Just a couple of odes tonight.

The first, dedicated to Blair's Babes, some of whom have betrayed every good woman (and man) who voted for them, because in the end they behaved like the sort of men they always claimed to be superior to:

She smashed her way through the glass ceiling,
and she jumped some impossible fences,
but Babe though she was,
She tripped up, becos
of the lure of enormous expenses.

And the second, to the holder of the most dignified and respected seat in the House of Commons, the Speaker - impartial; wise; - and, oh bugger it, he is the worst Speaker for 400 years and a disgrace to all good and thinking Glaswegians and people of humble origins in general, and how he survived this long is anybody's guess. It was he, you will recall, who wanted to bring the police in - not to identify those MPs who have been lining their pockets (though within the rules, I have to say, ho-ho-ho) at the expense of us pensioners and other trusting but dumb voters, but to find the whistleblower who had dared to reveal all the the Daily Telegraph.  The moral vacuum occupied by him and MPs in general - any one of whom could have exposed this crooked little expenses racket, because they all knew it was going on, even if they weren't part of it, but didn't - is what the Archbishop of Canterbury could have addressed - but didn't.
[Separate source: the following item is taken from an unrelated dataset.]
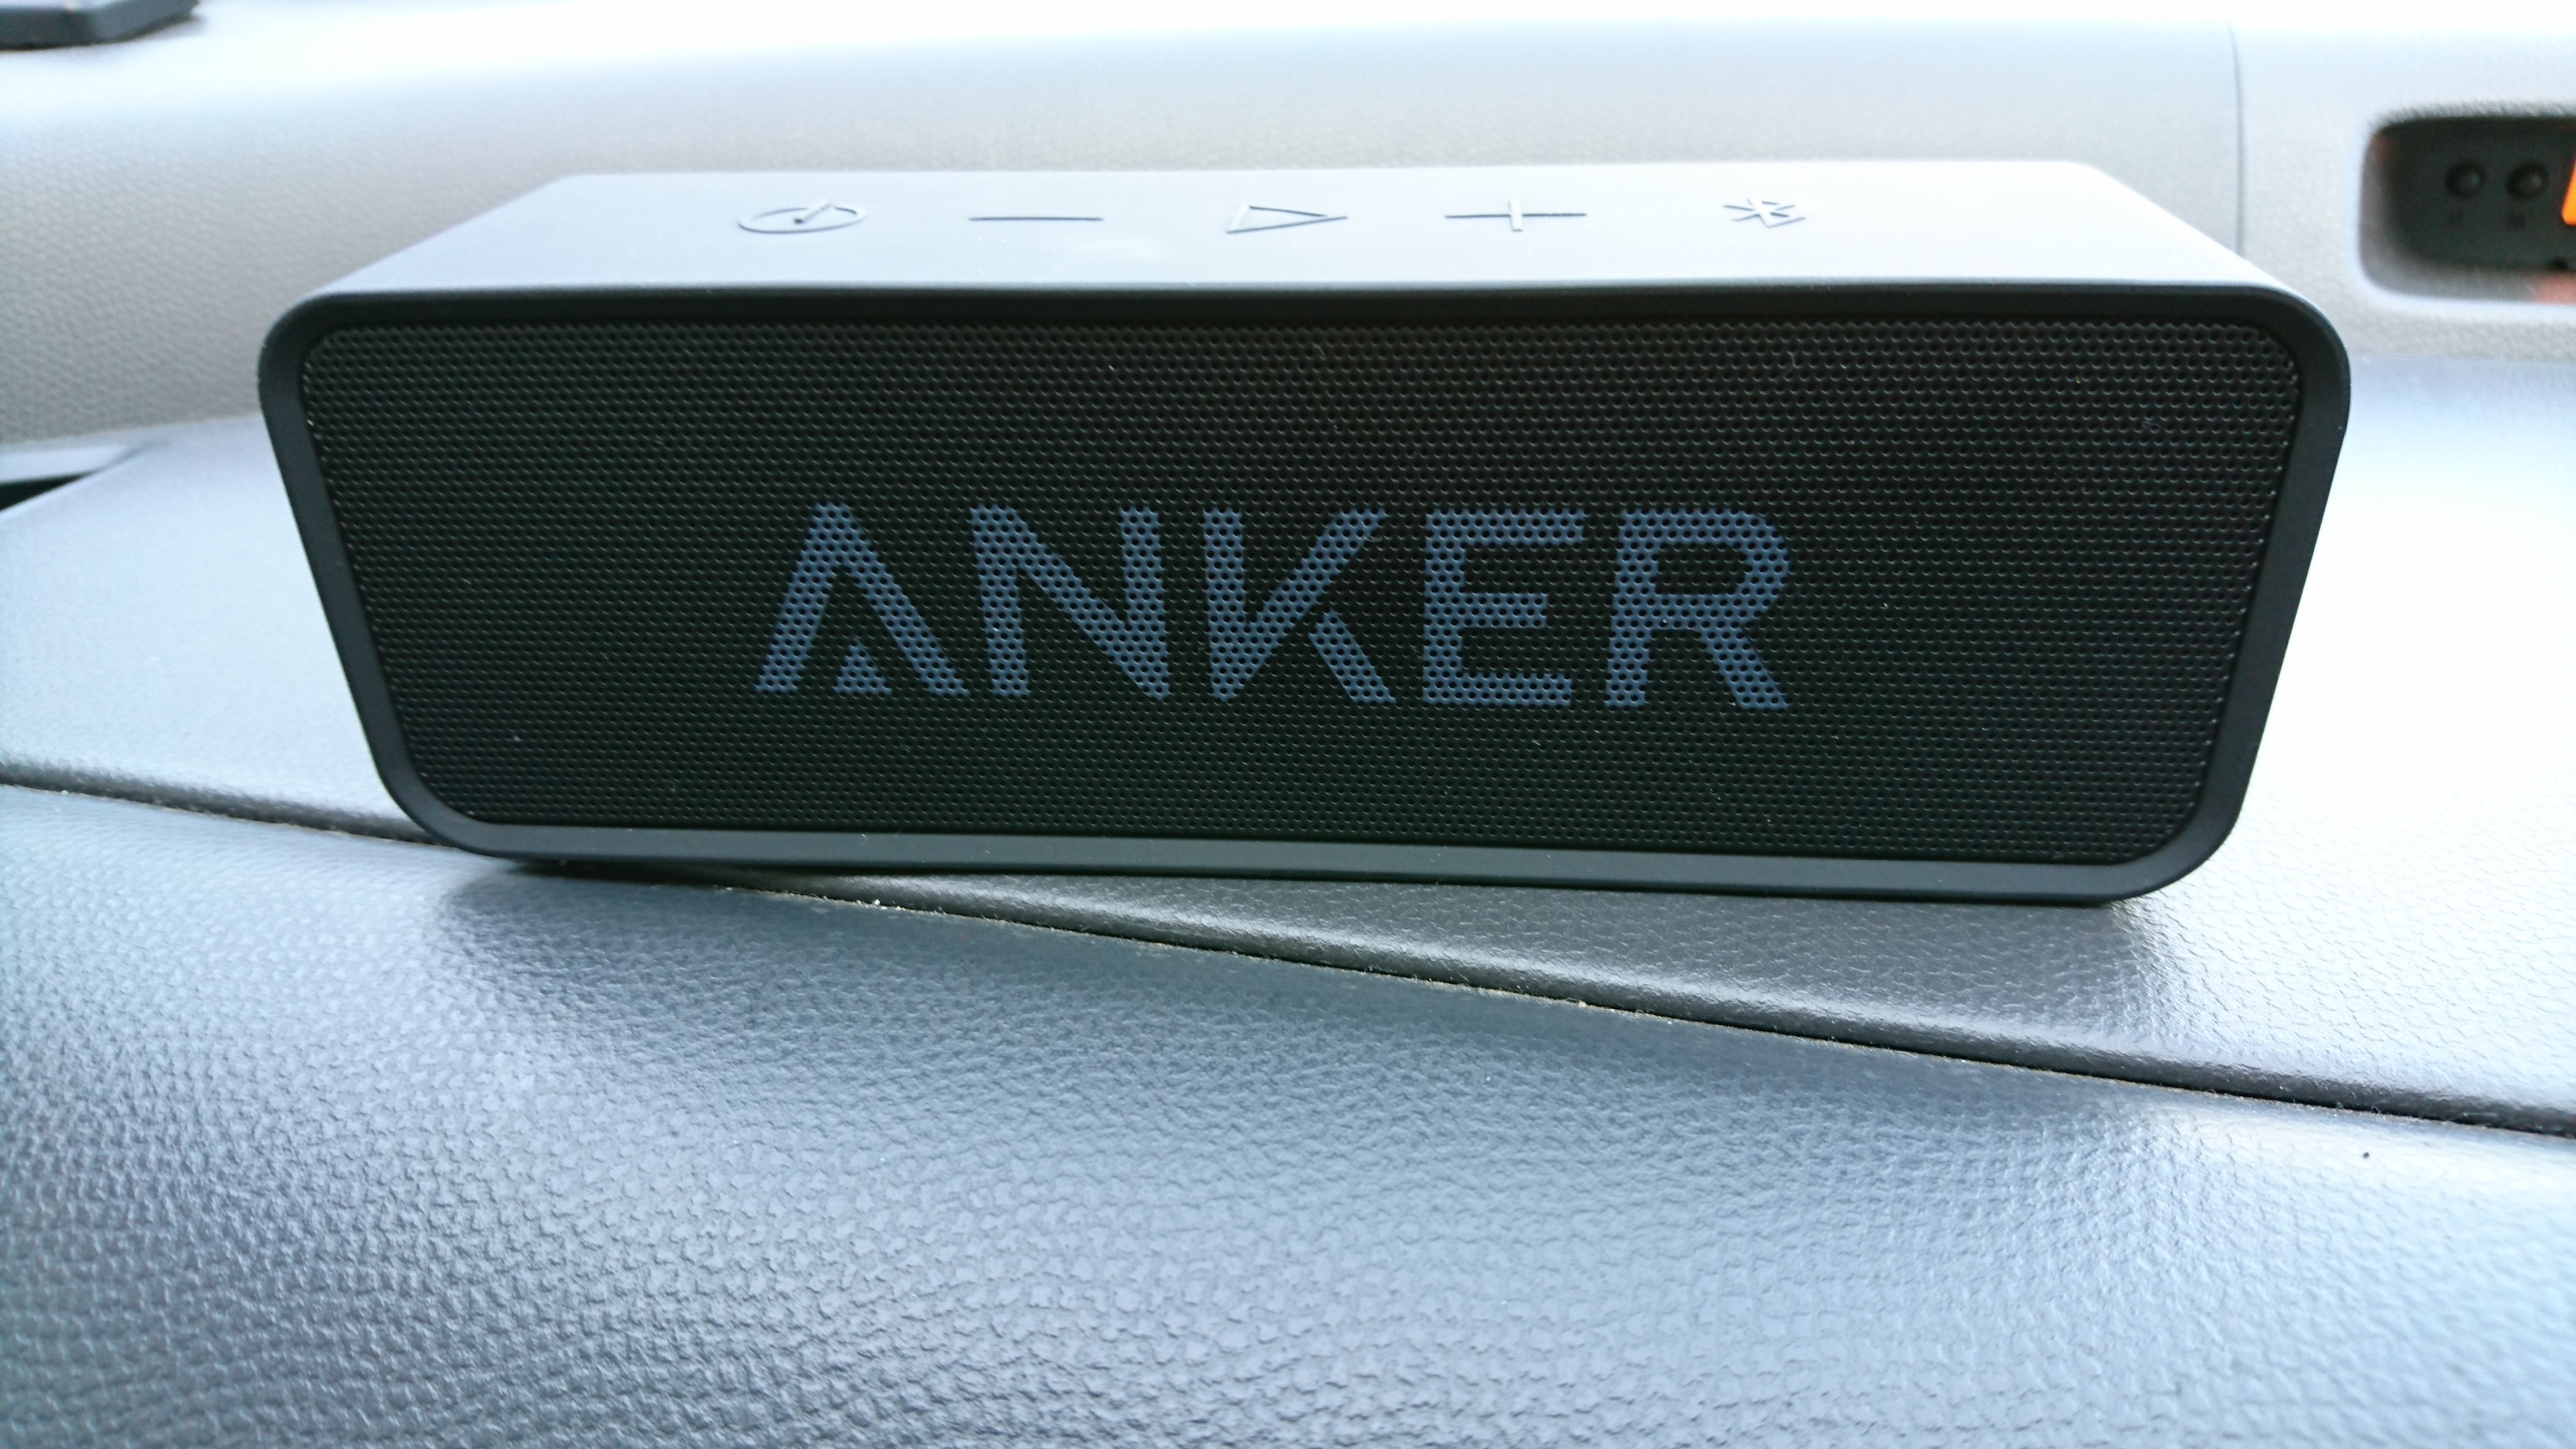 車に置くスピーカーを買ってみた Anker Soundcore 車載用スピーカー 平凡な人生を変えていくブログ

The truly appalling thing is that they genuinely don't understand why their behaviour has aroused such anger and resentment.  They are insulated from the real world of minimal pensions, inadequate health care, bad neighbours, muggings, no-go areas and dog-shit. They thought they weren't being paid enough, so they invented an expenses system that would give them what they wanted but would be out of the sight of the people who voted them into office.  
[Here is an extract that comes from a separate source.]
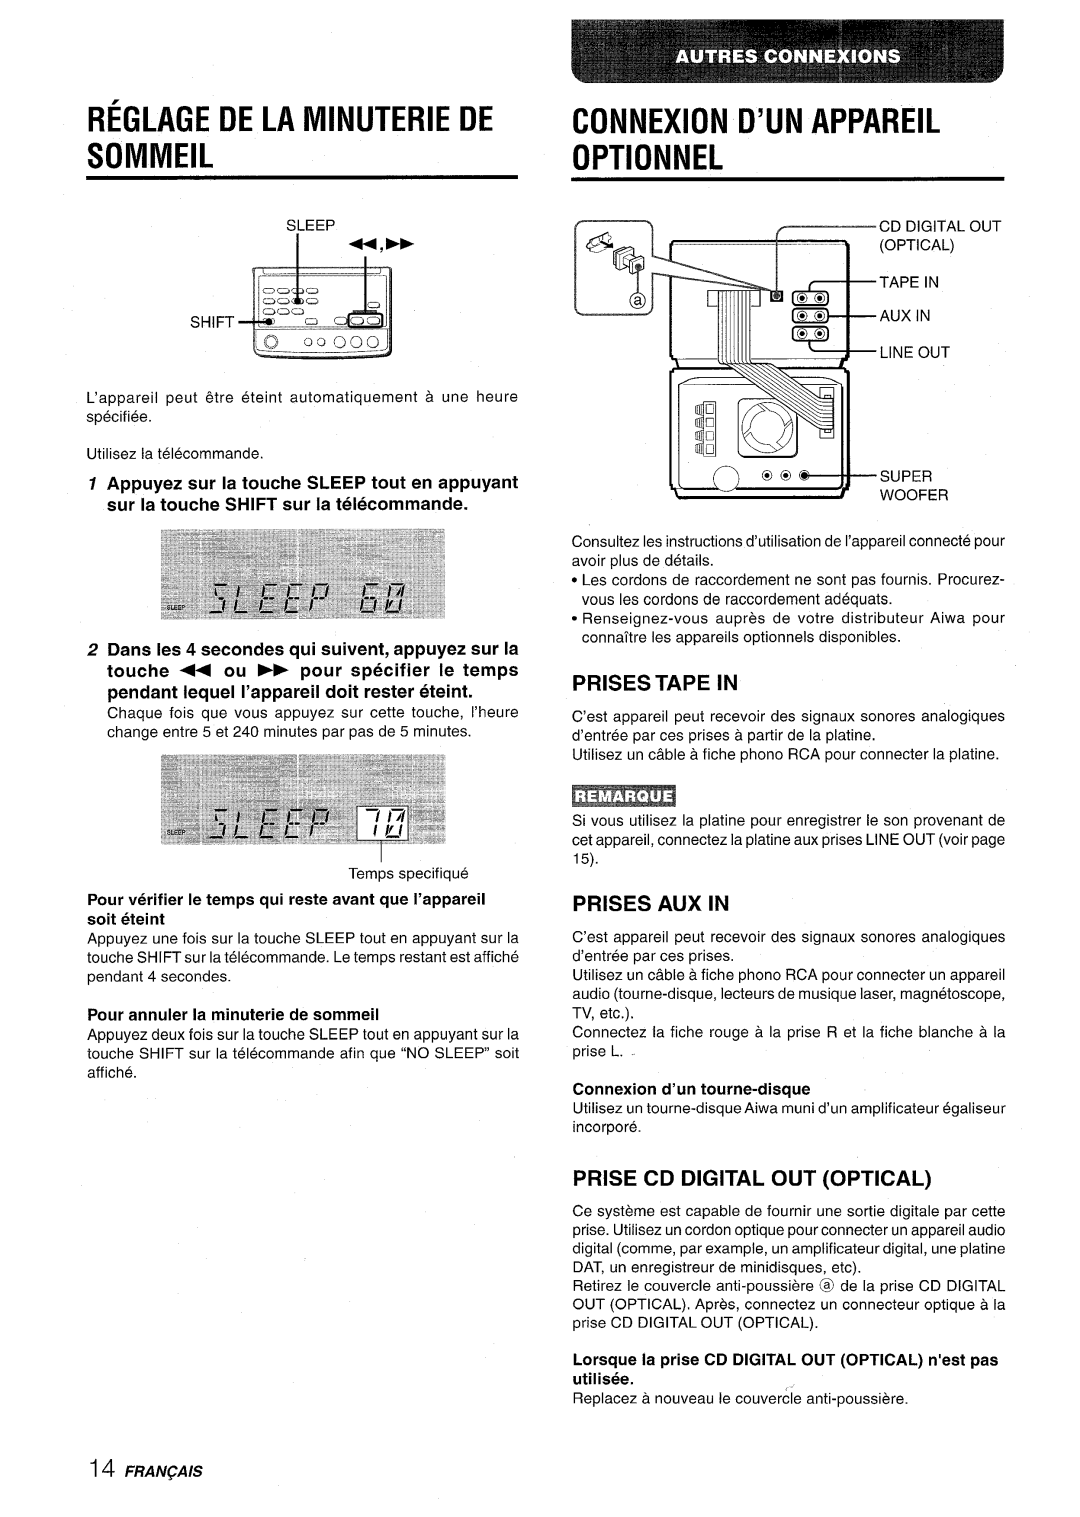 Aiwa XR-M70 manual Reglage De La Minuterie De Sommeil, Connexion, D’Un, Appareil, Optionnel, Prises Tape In, Prises Aux In

But our anger about the Westminster expenses fiddle isn't only about money, but about trust - not in our elected representatives as people, but in the system that we used to call democracy. Now, it seems, public service, to the Sunday-shopping, Sunday football generation of MPs and MEPs, is not what they can give, but what they can grab. It is our trust in the system of electoral representation that has been shattered, and for them to hope that they can get the bobbies in to pull up the portcullis before anyone notices is a hope too far. The emperor has been revealed, and he is all pink and pathetic in his birthday suit.

So an ode for him who presided over this mess and was complicit in it:

"It's a tairrrible thing", said the Speaker,
"And I still blame it all on that leaker -
Ma hoose ran, by Jiminy, 
on sleaze, graft and simony -
but ma future noo could'nae be bleaker."